Conservative activist Seth Grossman is seriously contemplating a challenge to popular New Jersey Gov. Chris Christie in the state’s June 4 Republican primary. It’s a daunting task.
Grossman, an Atlantic City lawyer and radio talk show host, said that he will make his decision shortly.
A former city councilman and Atlantic County freeholder — a post he held from 1989 to 1991 — Grossman currently serves as executive director of Liberty and Prosperity, a Tea Party-affiliated nonprofit organization founded in 2003. He is also the founder of the Chelsea Neighborhood Association, Atlantic City’s oldest and largest neighborhood civic group.
Grossman is a longtime ally of tax crusader and immigration foe Steven M. Lonegan, both of whom were briefly arrested in January 2008 when they were protesting Gov. Jon Corzine’s unpopular proposal to reduce the state’s debt by enacting sharp toll increases. Township officials where the arrest occurred later apologized and the charges were dropped.
The longtime citizen-activist also wrote the foreword to Lonegan’s book, Putting Taxpayers First, which was published that same year, and vigorously supported the former Bogota mayor’s spirited bid for governor in the state’s 2009 Republican primary, a hotly-contested race that Christie — carrying all but 2 of the Garden State’s 21 counties — won by more than 43,000 votes.

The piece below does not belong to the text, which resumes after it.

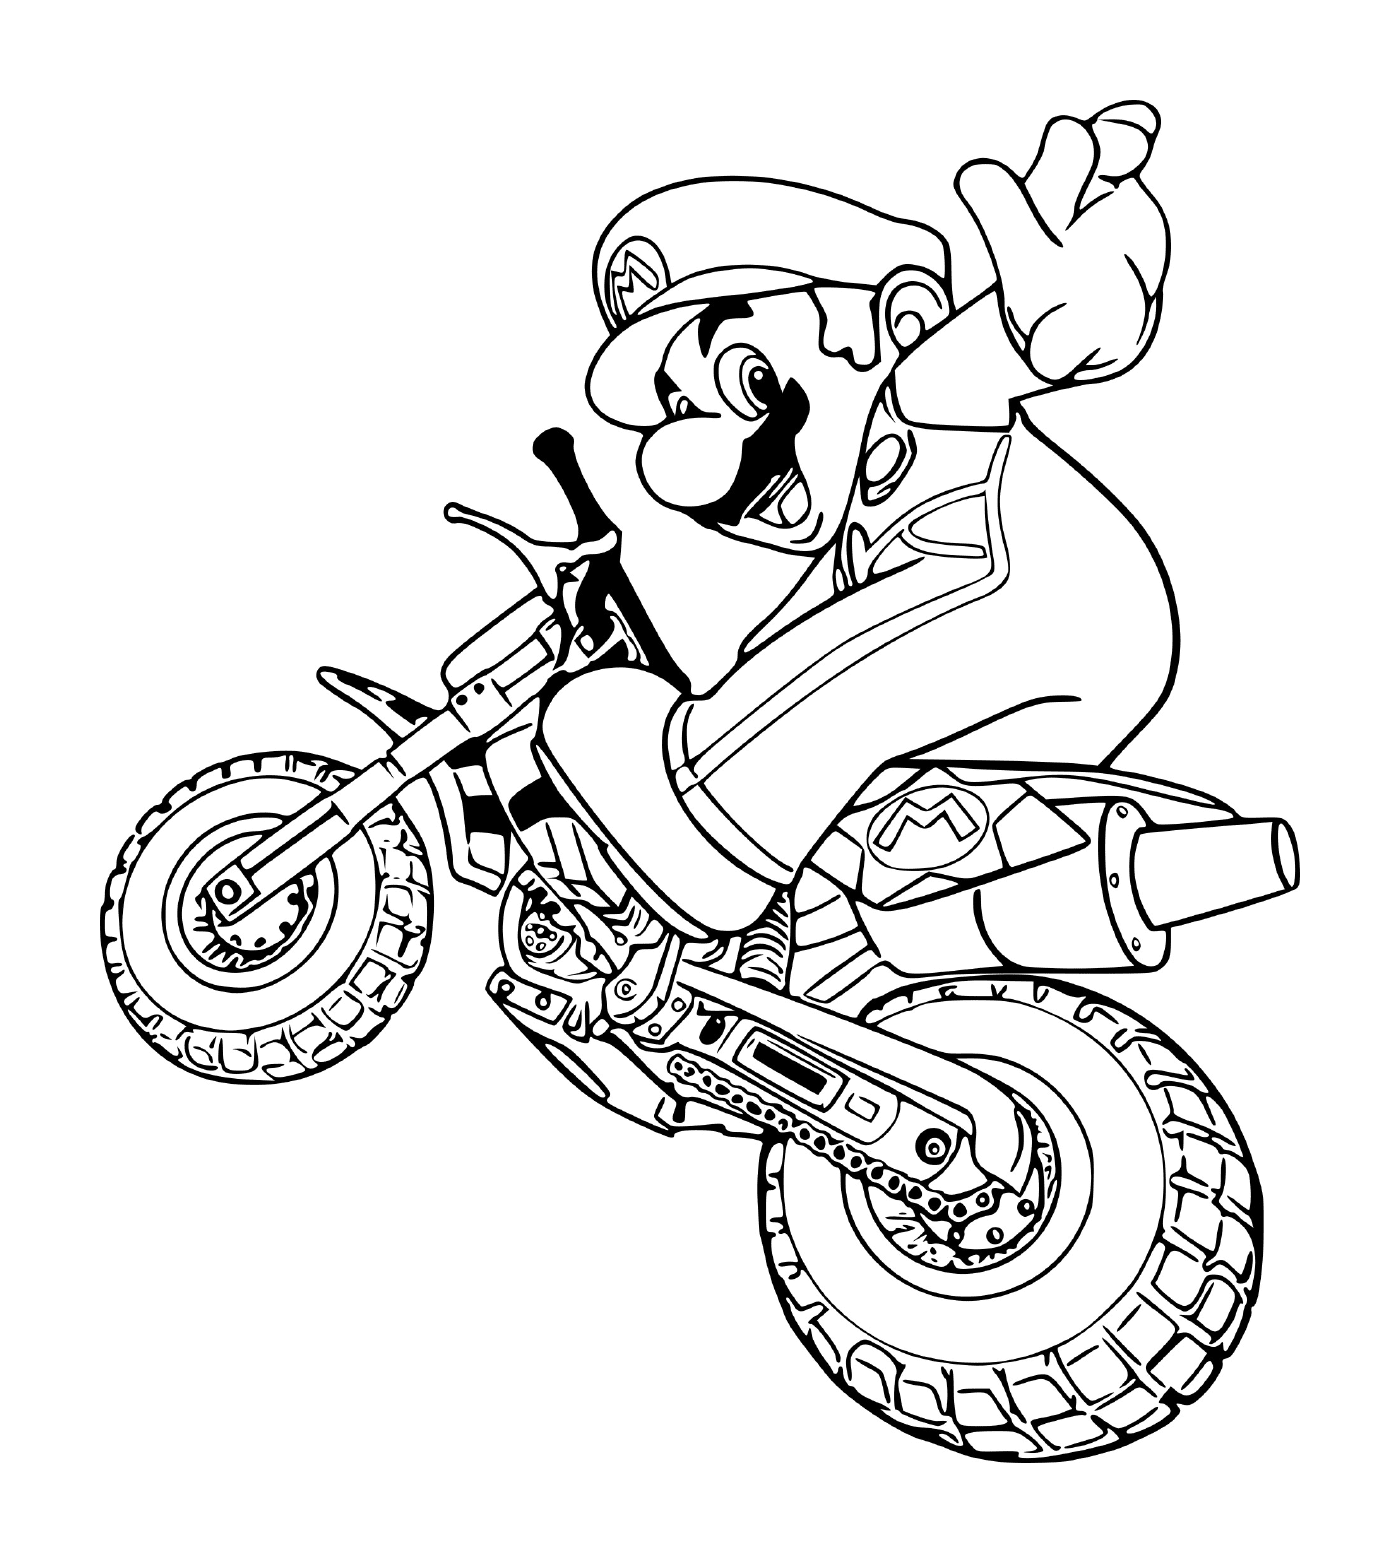  Mario on a motorcycle

Lonegan, who is legally blind, now heads the New Jersey chapter of the Koch brothers-funded Americans for Prosperity.
Even if it’s only a symbolic protest candidacy, Grossman sounds serious about mounting a challenge to the popular incumbent. In fact, he’s already established a campaign web site where, among other things, he promises to repudiate most of the state’s $240 billion debt because it wasn’t approved by the voters while capping public pensions at $50,000 per year and clamping down on illegal immigration and corporate welfare, the latter of which — according to the New York Times — has run rampant during Christie’s first three years in office.
Under Christie, who seems more than content to mortgage the state’s future for his own political gain — a point Grossman regularly drives home to his listeners — New Jersey has become something of a feeding trough for wealthy corporations. As of last spring, the Republican governor had already doled out a record $1.6 billion in subsidies to corporations, including a $251 million handout to Prudential Financial for moving into a new building only four blocks away. It was probably the most expensive move in American history.

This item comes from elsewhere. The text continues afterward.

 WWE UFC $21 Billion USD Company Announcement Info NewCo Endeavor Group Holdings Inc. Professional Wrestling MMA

They should have called U-Haul, quipped one of the governor’s critics.
“Why would any Republican in his right mind want to support Chris Christie?” asked Grossman, a graduate of Duke University who earned his law degree from Temple University in Philadelphia. “Republican voters deserve a choice.”
He’s right, of course.
If he decides to give it a whirl, the 63-year-old Grossman will have a difficult road ahead given Christie’s overall approval rating of 74 percent, including a whopping 93 percent among Republicans, but this would be a fun and entertaining race to watch — a genuine David vs. Goliath struggle.
UPDATE: In a press release issued late Friday evening, Grossman said that he intends to enter the race and will make his formal announcement Tuesday morning, February 12, at 10 a.m. in front of the Revel Casino in Atlantic City. A second event will be held in Newark later that afternoon.